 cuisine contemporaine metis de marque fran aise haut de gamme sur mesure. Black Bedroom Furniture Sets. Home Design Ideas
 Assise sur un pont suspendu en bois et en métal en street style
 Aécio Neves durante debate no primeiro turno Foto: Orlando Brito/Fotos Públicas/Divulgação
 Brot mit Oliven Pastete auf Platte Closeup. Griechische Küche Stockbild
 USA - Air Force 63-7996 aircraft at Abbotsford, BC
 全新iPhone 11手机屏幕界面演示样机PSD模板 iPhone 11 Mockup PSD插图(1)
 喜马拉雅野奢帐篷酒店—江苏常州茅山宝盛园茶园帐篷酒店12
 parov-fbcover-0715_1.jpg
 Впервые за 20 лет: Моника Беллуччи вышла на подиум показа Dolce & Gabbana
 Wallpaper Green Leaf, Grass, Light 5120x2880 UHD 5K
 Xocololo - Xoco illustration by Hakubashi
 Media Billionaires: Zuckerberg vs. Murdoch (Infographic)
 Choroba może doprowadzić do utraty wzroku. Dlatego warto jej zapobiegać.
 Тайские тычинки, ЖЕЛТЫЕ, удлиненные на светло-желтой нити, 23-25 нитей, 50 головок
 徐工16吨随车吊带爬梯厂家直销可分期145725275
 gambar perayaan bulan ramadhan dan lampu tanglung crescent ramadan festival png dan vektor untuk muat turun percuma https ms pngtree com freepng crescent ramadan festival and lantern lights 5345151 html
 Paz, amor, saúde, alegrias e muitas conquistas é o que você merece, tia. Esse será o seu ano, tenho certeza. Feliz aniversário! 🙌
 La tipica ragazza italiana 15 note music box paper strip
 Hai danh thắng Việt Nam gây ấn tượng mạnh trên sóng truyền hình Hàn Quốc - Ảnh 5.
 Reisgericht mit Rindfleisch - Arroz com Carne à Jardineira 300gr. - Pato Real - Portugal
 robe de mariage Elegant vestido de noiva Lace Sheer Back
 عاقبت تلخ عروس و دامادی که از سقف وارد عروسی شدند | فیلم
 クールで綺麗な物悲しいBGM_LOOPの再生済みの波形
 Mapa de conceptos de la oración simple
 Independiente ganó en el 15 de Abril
================
▶ _What you are asked to do_
An exact copy of every record above is what's needed here.

▶ _Answer space_
 cuisine contemporaine metis de marque fran aise haut de gamme sur mesure. Black Bedroom Furniture Sets. Home Design Ideas
 Assise sur un pont suspendu en bois et en métal en street style
 Aécio Neves durante debate no primeiro turno Foto: Orlando Brito/Fotos Públicas/Divulgação
 Brot mit Oliven Pastete auf Platte Closeup. Griechische Küche Stockbild
 USA - Air Force 63-7996 aircraft at Abbotsford, BC
 全新iPhone 11手机屏幕界面演示样机PSD模板 iPhone 11 Mockup PSD插图(1)
 喜马拉雅野奢帐篷酒店—江苏常州茅山宝盛园茶园帐篷酒店12
 parov-fbcover-0715_1.jpg
 Впервые за 20 лет: Моника Беллуччи вышла на подиум показа Dolce & Gabbana
 Wallpaper Green Leaf, Grass, Light 5120x2880 UHD 5K
 Xocololo - Xoco illustration by Hakubashi
 Media Billionaires: Zuckerberg vs. Murdoch (Infographic)
 Choroba może doprowadzić do utraty wzroku. Dlatego warto jej zapobiegać.
 Тайские тычинки, ЖЕЛТЫЕ, удлиненные на светло-желтой нити, 23-25 нитей, 50 головок
 徐工16吨随车吊带爬梯厂家直销可分期145725275
 gambar perayaan bulan ramadhan dan lampu tanglung crescent ramadan festival png dan vektor untuk muat turun percuma https ms pngtree com freepng crescent ramadan festival and lantern lights 5345151 html
 Paz, amor, saúde, alegrias e muitas conquistas é o que você merece, tia. Esse será o seu ano, tenho certeza. Feliz aniversário! 🙌
 La tipica ragazza italiana 15 note music box paper strip
 Hai danh thắng Việt Nam gây ấn tượng mạnh trên sóng truyền hình Hàn Quốc - Ảnh 5.
 Reisgericht mit Rindfleisch - Arroz com Carne à Jardineira 300gr. - Pato Real - Portugal
 robe de mariage Elegant vestido de noiva Lace Sheer Back
 عاقبت تلخ عروس و دامادی که از سقف وارد عروسی شدند | فیلم
 クールで綺麗な物悲しいBGM_LOOPの再生済みの波形
 Mapa de conceptos de la oración simple
 Independiente ganó en el 15 de Abril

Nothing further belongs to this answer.